Anyone got any idea why it's not fitting properly?
Thanks for your help :)
The importance of the initial guess, p0 in curve_fit's default argument list, cannot be stressed enough.
Notice that the docstring mentions that
[p0] If None, then the initial values will all be 1
So if you do not supply it, it will use an initial guess of 1 for all parameters you're trying to optimize for.
The choice of p0 affects the speed at which the underlying algorithm changes the guess vector p0 (ref. the documentation of least_squares).
When you look at the data that you have, you'll notice that the maximum and the mean, mu_0, of the Gaussian-like dataset y, are
2.4e16 and 49 respectively.
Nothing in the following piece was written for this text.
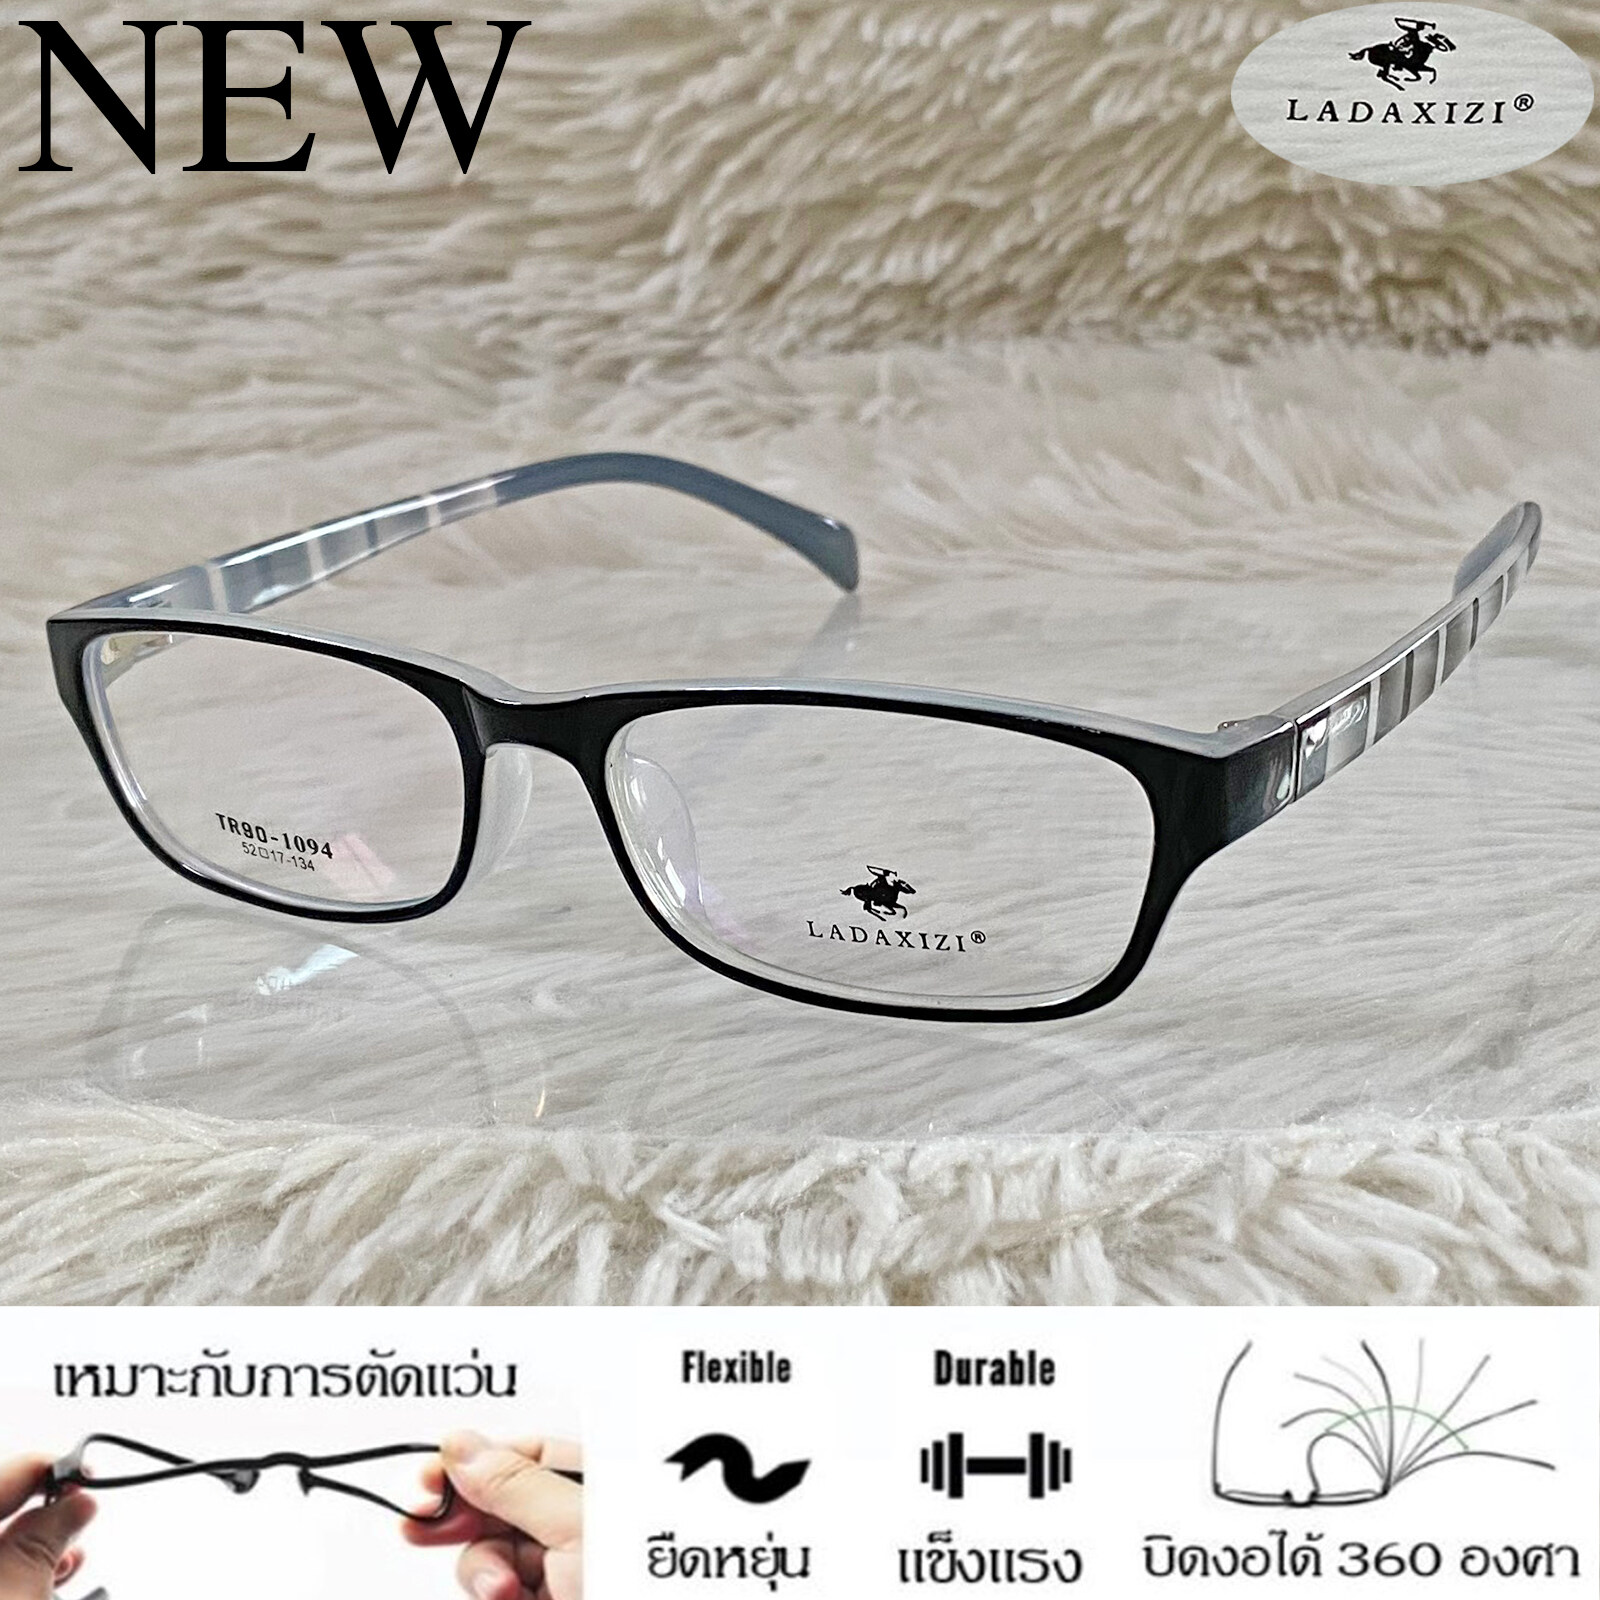 TR 90 กรอบแว่นตา สำหรับตัดเลนส์ แว่นตา Fashion ชาย-หญิง รุ่น LADAXIZI 10944 สีดำ กรอบเต็ม ทรงรี ขาข้อต่อ ทนความร้อนสูง รับตัดเลนส์ ทุกชนิด

With the peak value so large, the algorithm, would need to make drastic changes to its initial guess to reach that large value.
When you supply a good initial guess to the curve fitting algorithm, convergence is more likely to occur.
Using your data, you can supply a good initial guess for the peak_value, the mean and sigma, by writing them like this:
y = np.array([...]) # starting from the original dataset
x = np.arange(len(y))
peak_value = y.max()
mean = x[y.argmax()] # observation of the data shows that the peak is close to the center of the interval of the x-data
sigma = mean - np.where(y > peak_value * np.exp(-.5))[0][0] # when x is sigma in the gaussian model, the function evaluates to a*exp(-.5)
popt,pcov = curve_fit(gaus, x, y, p0=[peak_value, mean, sigma])
print(popt) # prints: [ 2.44402560e+16 4.90000000e+01 1.20588976e+01]
Note that in your code, for the mean you take sum(x*y)/n , which is strange, because this would modulate the gaussian by a polynome of degree 1 (it multiplies a gaussian with a monotonously increasing line of constant slope) before taking the mean. That will offset the mean value of y (in this case to the right). A similar remark can be made for your calculation of sigma.
Final remark: the histogram of y will not resemble a Gaussian, as y is already a Gaussian. The histogram will merely bin (count) values into different categories (answering the question "how many datapoints in y reach a value between [a, b]?").